On December 8, 1939, President Franklin D. Roosevelt (1881-1945) declared a national emergency in response to the outbreak of World War II. The following July, $4 million was authorized by Congress to improve Naval Air Station (NAS) Seattle, more than all the improvements to that date. By June 1941, four month aviation service schools were turning out radiomen, aviation metalsmiths, and aviation machinists. By this time, Seattle had encroached upon the facility enough to require that aircraft no longer carry live bombs and Naval Air Station Whidbey Island was established to handle the arming of aircraft for combat. The cinder runways were paved with asphalt: Eventually, five runways offered eight landing directions. Sand Point serviced aircraft from HMA Warspite for the British Royal Navy.

With the attack on Pearl Harbor on December 7, 1941, NAS Seattle relinquished its patrol squadrons for combat duty in the North Pacific. Twelve planes arrived in Kodiak just in time to help beat back Japanese attacks on Dutch Harbor and then to continue missions against the Kurile Islands, part of the Japanese homeland.

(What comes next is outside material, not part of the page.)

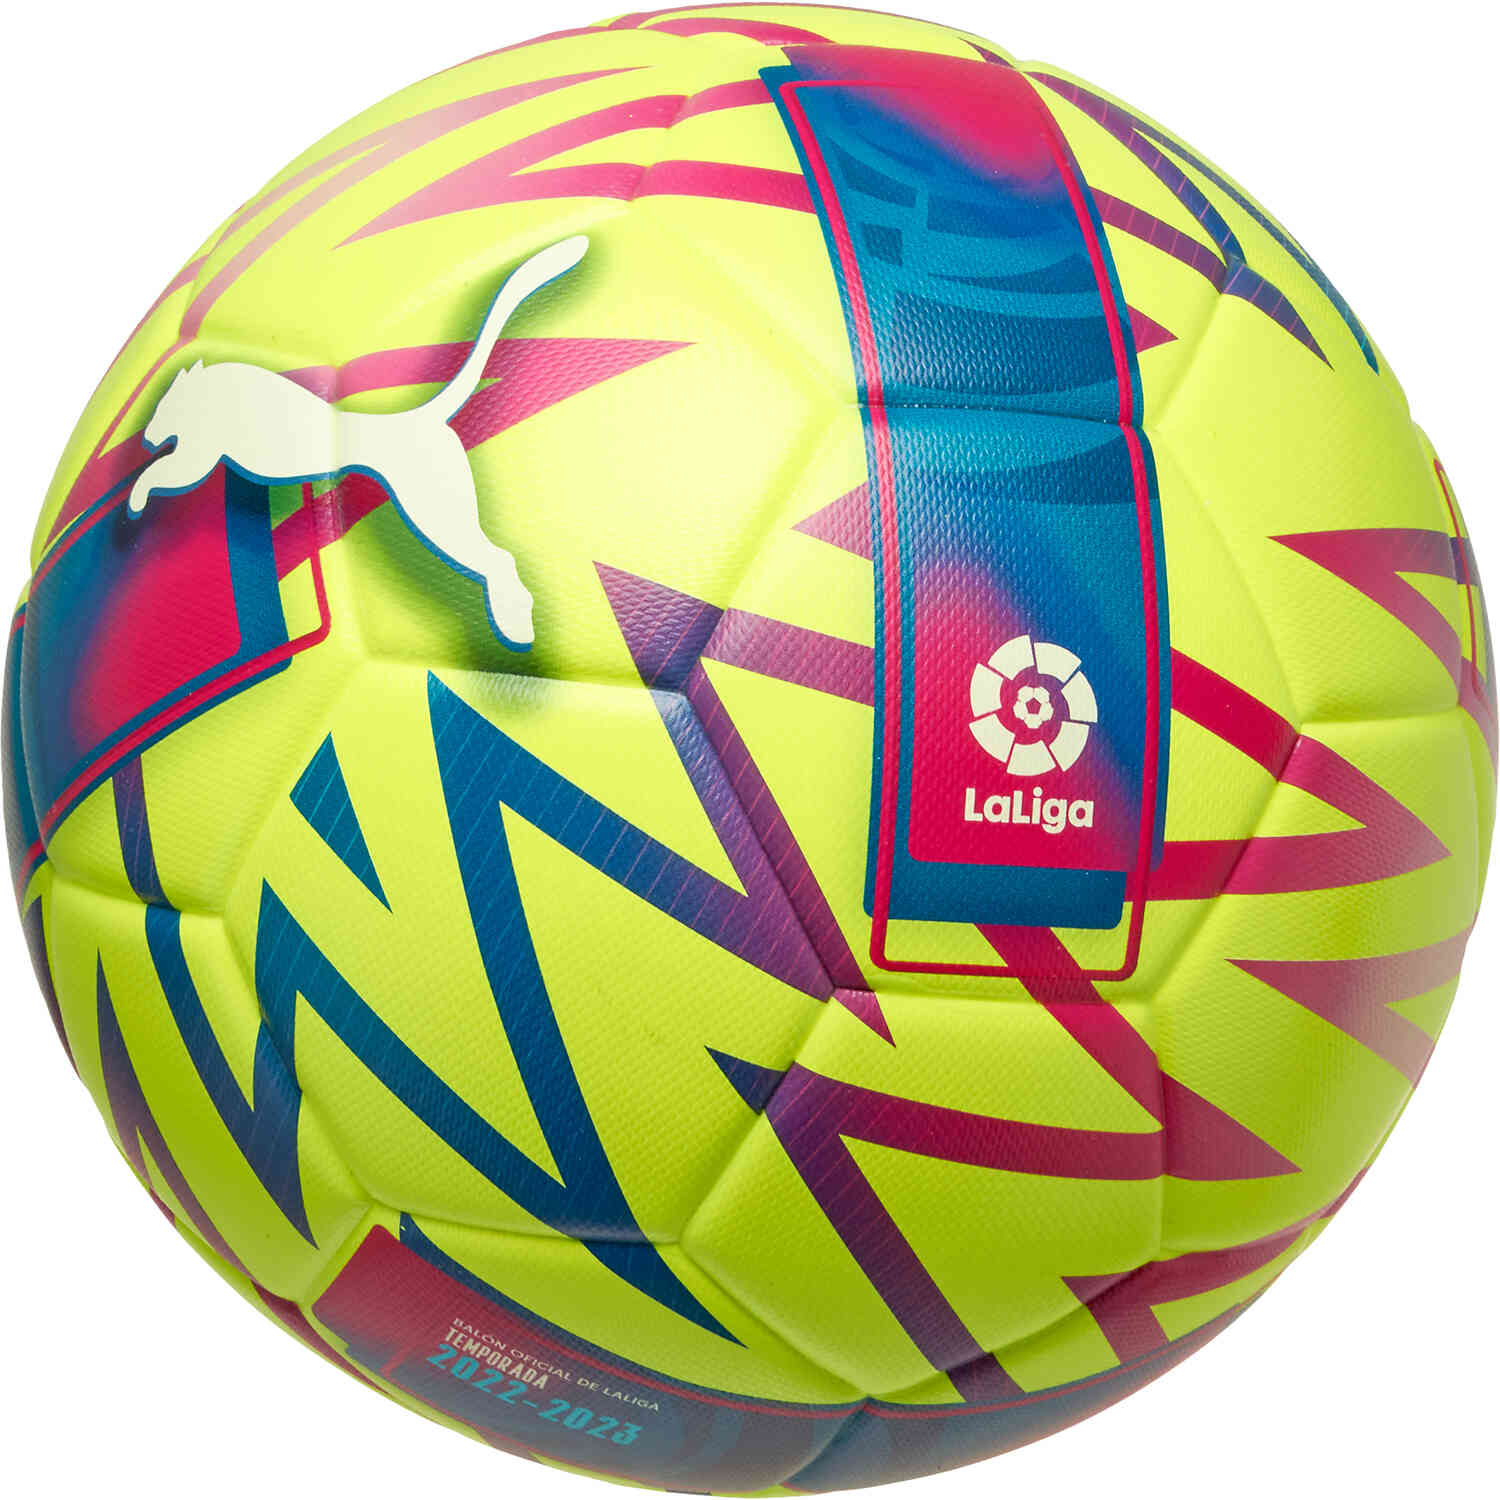 PUMA Liga Orbita Soccer Ball - 2022/23 SoccerPro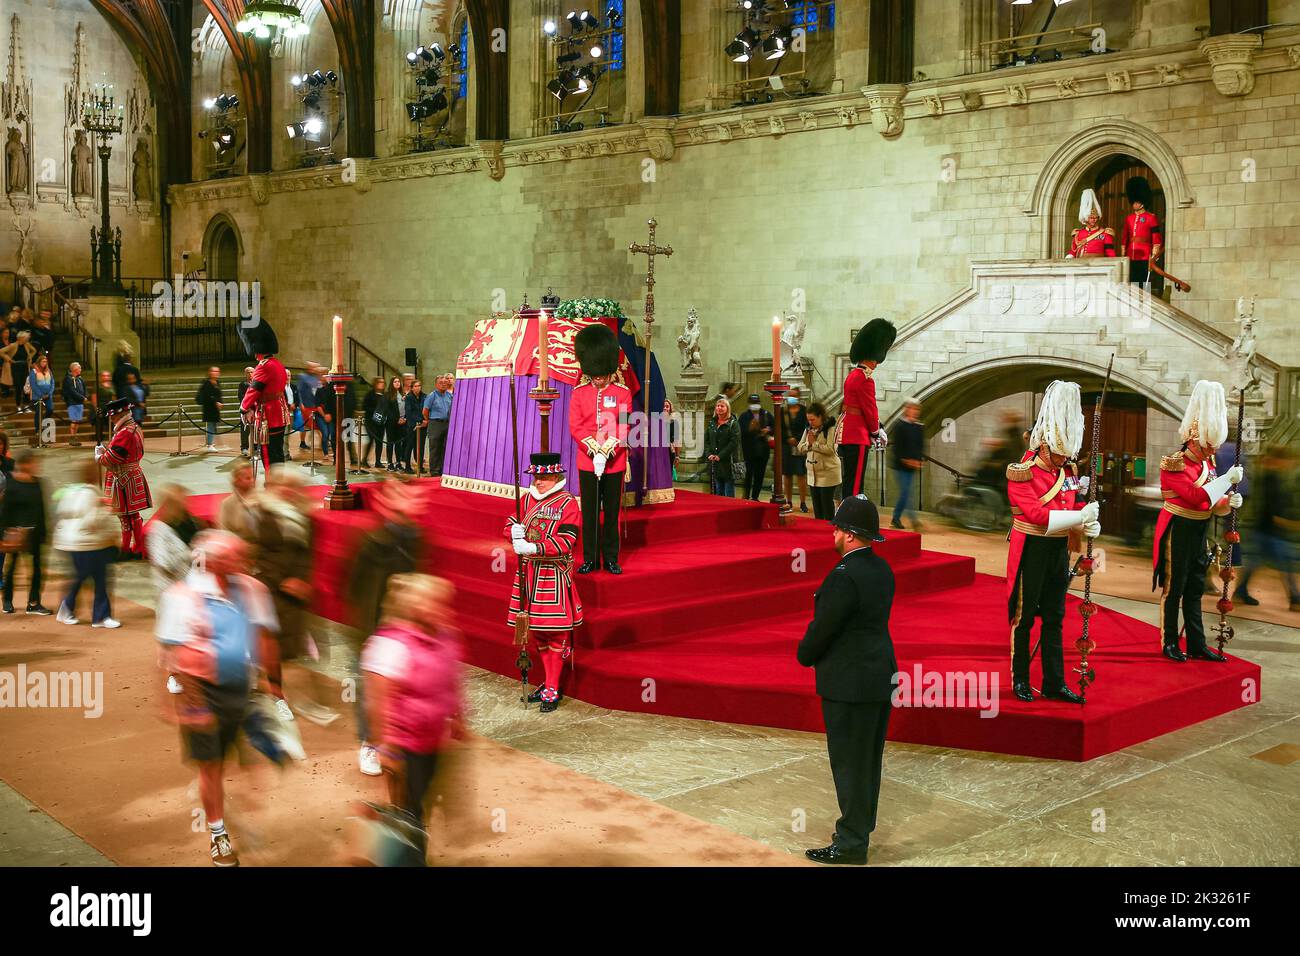 Les membres du public voient le cercueil de la reine Elizabeth II pendant la période d'état à Westminster Hall, Londres, Angleterre, Royaume-Uni Banque D'Images

Sand Point operations and staff ballooned during the war years: The daily population rose to 8,000 civilian and military personnel. NAS Seattle also hosted several headquarters functions, a weather center, a communications center, and an overseas terminal for the Naval Air Transport Service. One hundred and fifty shops at the station provided necessary repairs and modifications for fleet aircraft. As shipyards in Tacoma and Vancouver produced escort aircraft carriers (CVEs) at a rate of one every two weeks - 50 in three years - Sand Point provided aviation supplies from propellers to parachutes. Men and planes from aircraft carriers, battleships, and cruisers visiting Puget Sound stayed at the station.

Final Decades

Peace came in August 1945. NAS Seattle found itself in a substantially reduced mission and by June 1946, the combined military and civilian staff dropped to about 3,000. Vast quantities of surplus supplies flooding onto the station and Sand Point became responsible for the preservation of 89 flying boats at Renton. Repair and overhaul of aircraft continued through the 1940s, but the Navy announced that the base would close permanently on September 1, 1950.

World events once again overtook the station when the Korean War erupted in June 1950. Closure plans were first held "in abeyance" then canceled as the base went to a six-day work week overhauling and modifying aircraft, training reservists, supporting operations at Whidbey Island, and supplying the fleet. That conflict ended in 1953 and so did the station's responsibility for overhauling aircraft. The number of civilian employees dropped from 1800 to 200.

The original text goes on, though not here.